CAS psychology department chair David Haaga is the 2019 Scholar-Teacher of the Year for conducting innovative research and offering crucial guidance in the classroom. The clinical psychology professor has coauthored more than 130 peer-reviewed articles on depression, smoking cessation, trichotillomania, Type A behavior, anxiety, binge eating, and empirical support for therapies. “He is an extraordinarily prolific and rigorous scholar, an inspiring teacher, a generous mentor, a natural leader, a skilled clinician, and just a kind person,” say four colleagues in their nomination.
Washington College of Law dean Camille Nelson is among the top 35 women in higher education, according to Diverse: Issues in Higher Education magazine. She is the only law school dean on the list. “I am honored to be included among these outstanding professionals who are as accomplished as they are inspirational,” Nelson says. Nelson joined WCL in 2016—the first woman to lead this college founded by women since 1947 and its first African American dean.
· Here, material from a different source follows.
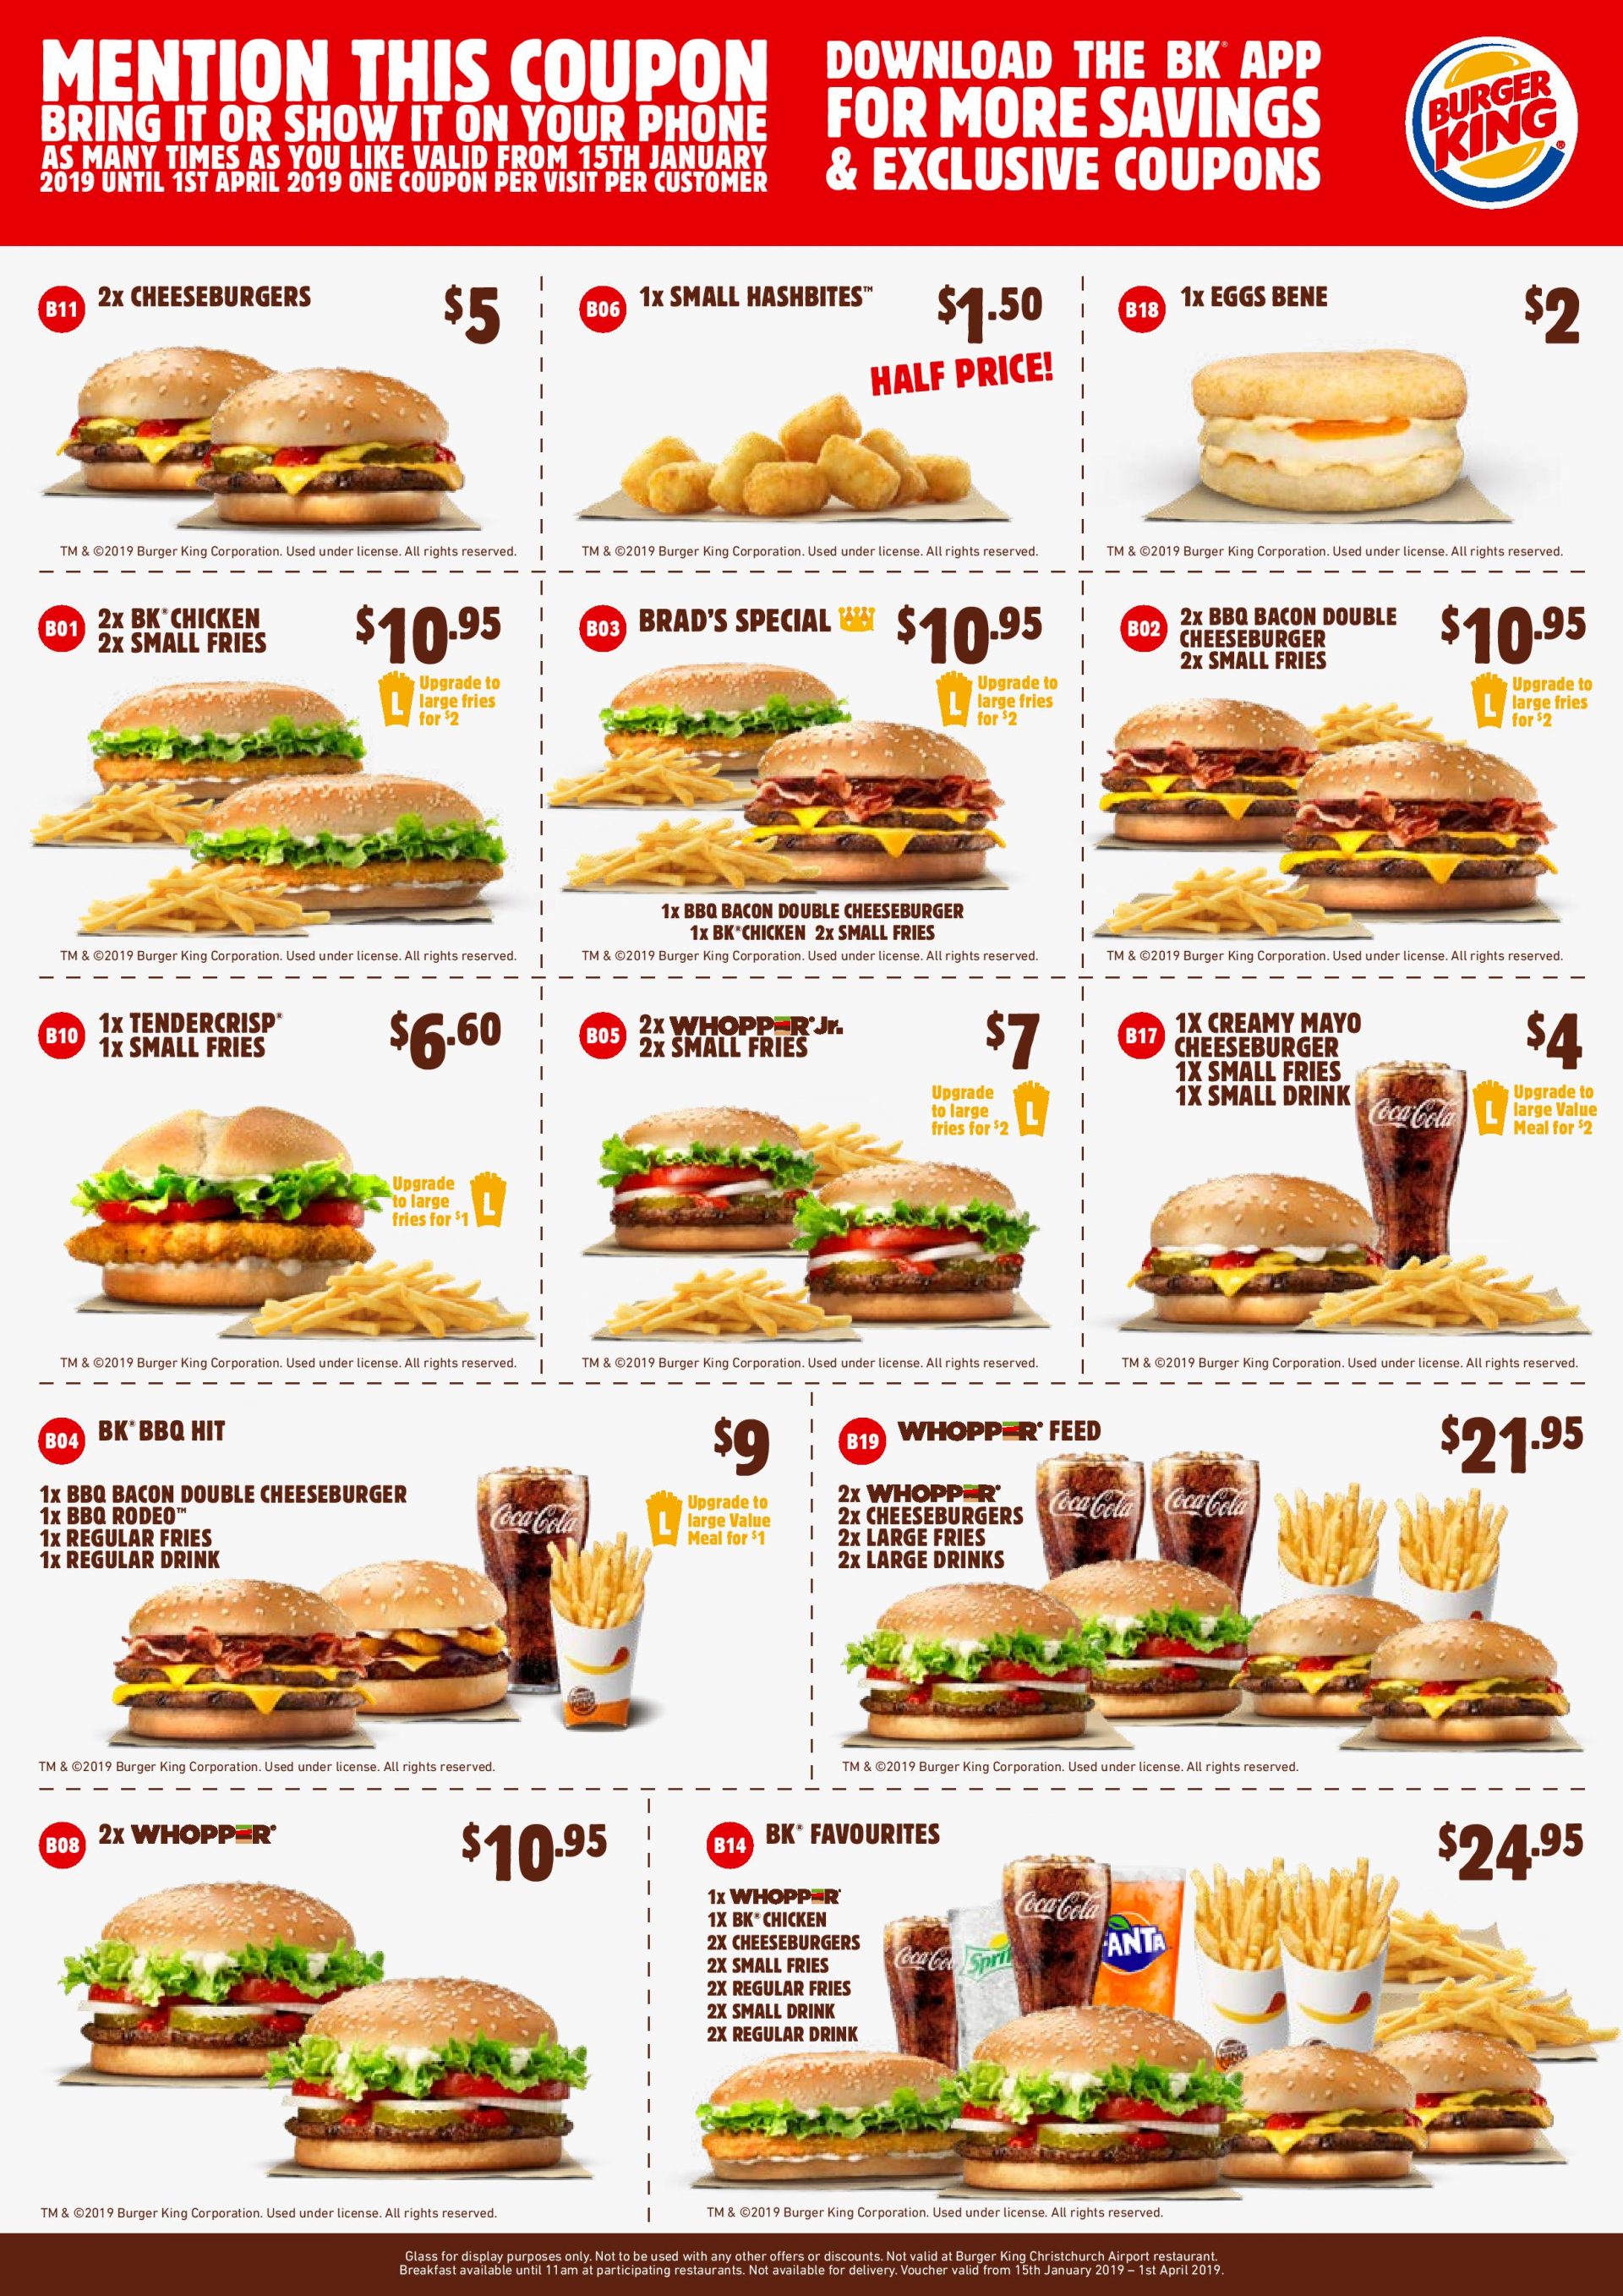 Burger King offers and Restaurants in your city and surrounding area

Distinguished Professor of History Alan Kraut led a team of 14 historians tasked with planning and laying out the new Statue of Liberty Museum. Kraut, who has chaired the Statue of Liberty–Ellis Island Foundation’s history advisory committee since 2003, and his team vetted every image, caption, and primary source appearing in the museum, which opened in May 2019. The $100 million, 26,000-square-foot space is the latest attraction on an island that welcomes 4.5 million annual visitors.